Conclusione: la riforma dal basso e il rischio dell'incoerenza
Il quadro che emerge è quello di un settore vitale che si aggiorna con gli strumenti che ha a disposizione. Il protocollo ANCI-FNSI e le linee guida sul giornalista pubblico sono passi concreti e positivi, che portano professionalità e uniformità nei bandi degli enti locali. Ma la riforma per via contrattuale, per sua natura, può definire i ruoli senza poter ridisegnare l'architettura. È un aggiornamento del middleware mentre il sistema operativo resta quello del 2000.
La sfida dei prossimi anni sarà colmare questo scarto tra profili moderni e cornice datata, mettendo al centro non la logica dell'adempimento ma quella del servizio: flussi digitali coerenti, usabilità per il cittadino, dati aperti e interoperabili, fiducia istituzionale. La comunicazione pubblica, in fondo, è oggi una questione di architettura dell'informazione prima ancora che di diritto amministrativo.

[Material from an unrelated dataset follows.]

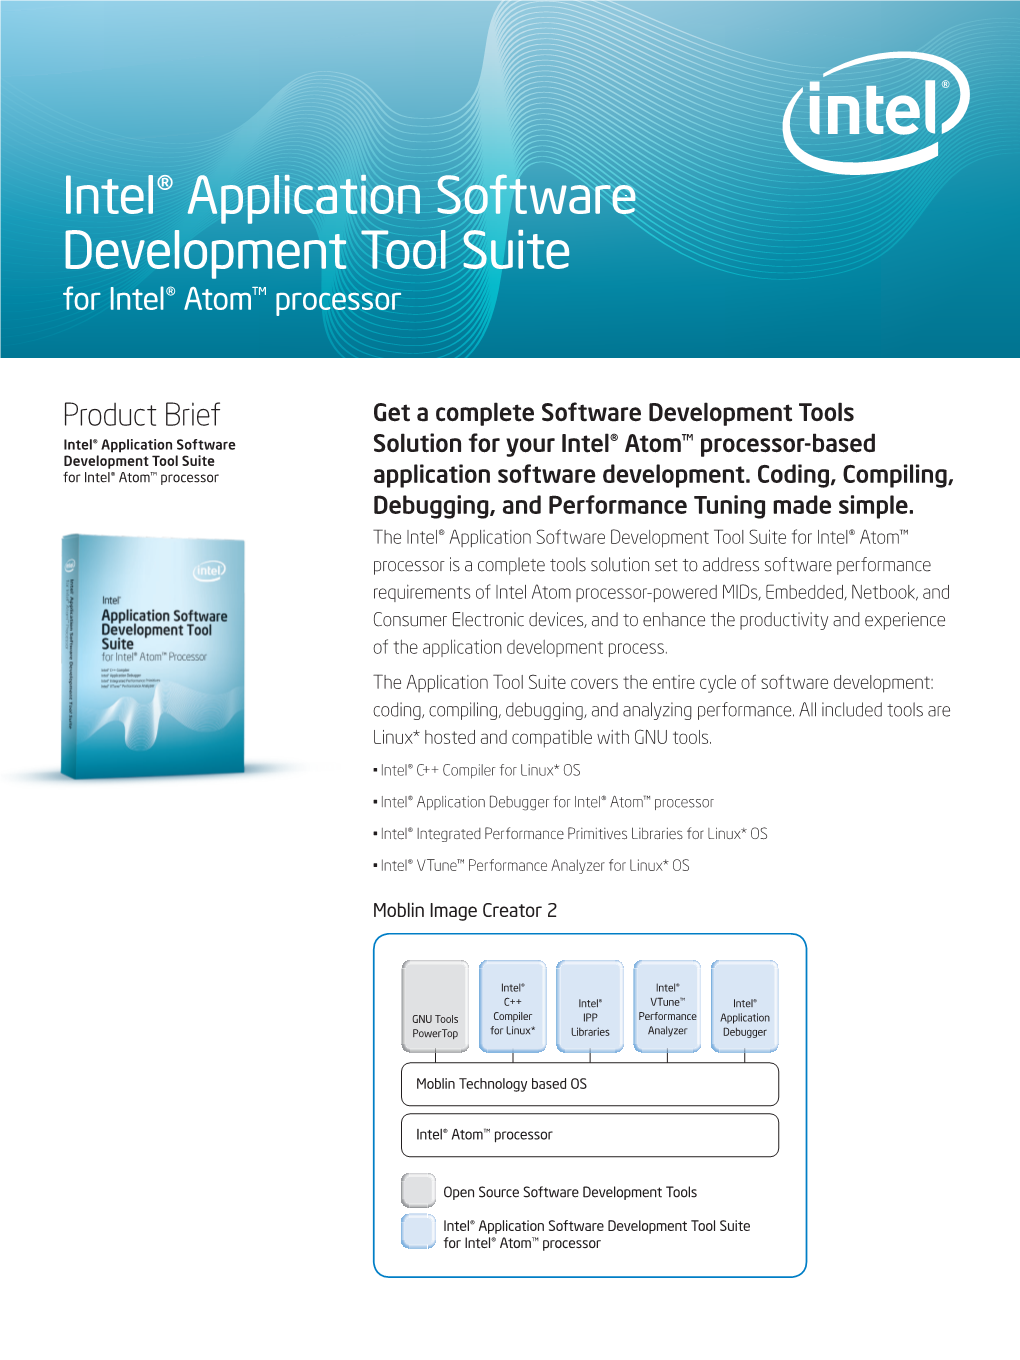 Intel® Application Software Development Tool Suite for Intel® Atom™ Processor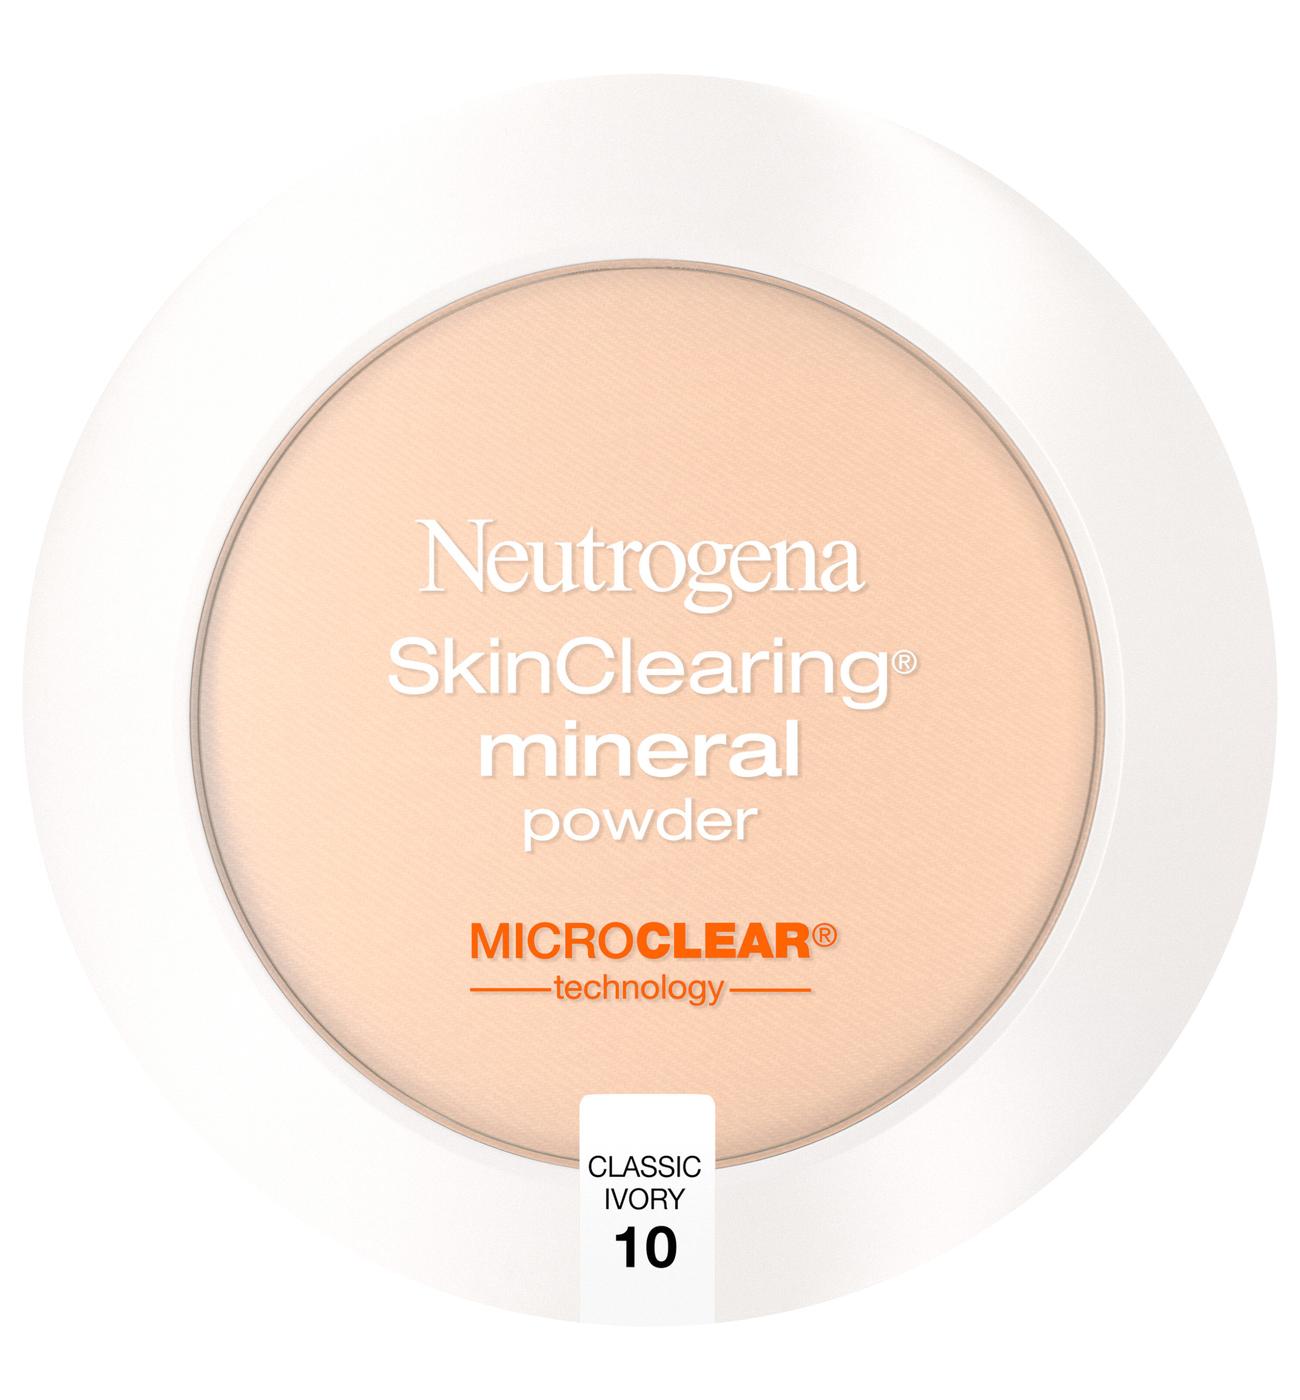 Neutrogena Skinclearing Mineral Powder - 10 Classic Ivory; image 1 of 5

F.A.Q. - Frequently Asked Questions
Cosa disciplina la legge 150/2000 nella Pubblica Amministrazione?
La legge 7 giugno 2000, n. 150 disciplina le attività di informazione e comunicazione delle pubbliche amministrazioni. Distingue tre presidi principali: l'URP (Ufficio per le Relazioni con il Pubblico) per la comunicazione con i cittadini, l'ufficio stampa — composto da giornalisti iscritti all'albo — per i rapporti con i mezzi di informazione, e il portavoce (art. 7) per i rapporti politico-istituzionali. È tuttora vigente, con ultimo aggiornamento pubblicato il 28 dicembre 2024.
Chi è il giornalista pubblico e come viene reclutato negli enti locali?
Il giornalista pubblico è lo «Specialista nei rapporti con i media (settore informazione)», un profilo iscritto all'albo dei giornalisti e collocato nell'Area dei funzionari e della elevata qualificazione del CCNL Funzioni locali. Il suo reclutamento è oggi guidato dal 60° Quaderno operativo ANCI, nato dal protocollo ANCI-FNSI rinnovato il 28 gennaio 2026, che fornisce ai Comuni linee guida uniformi per la redazione dei bandi di selezione.
Perché la legge 150/2000 è considerata da aggiornare rispetto al digitale?
Perché è stata scritta prima della diffusione dei social network e disciplina URP, ufficio stampa e portavoce come funzioni separate, secondo una geografia dei media oggi superata. Non contempla la gestione delle community digitali, l'ascolto attivo online, l'accessibilità dei contenuti digitali né il raccordo con l'AI Act. In un contesto in cui il cittadino contatta l'ente indifferentemente da social, chat, app e sportelli, la separazione delle funzioni può generare incoerenza del messaggio e inefficienze nei servizi al cittadino.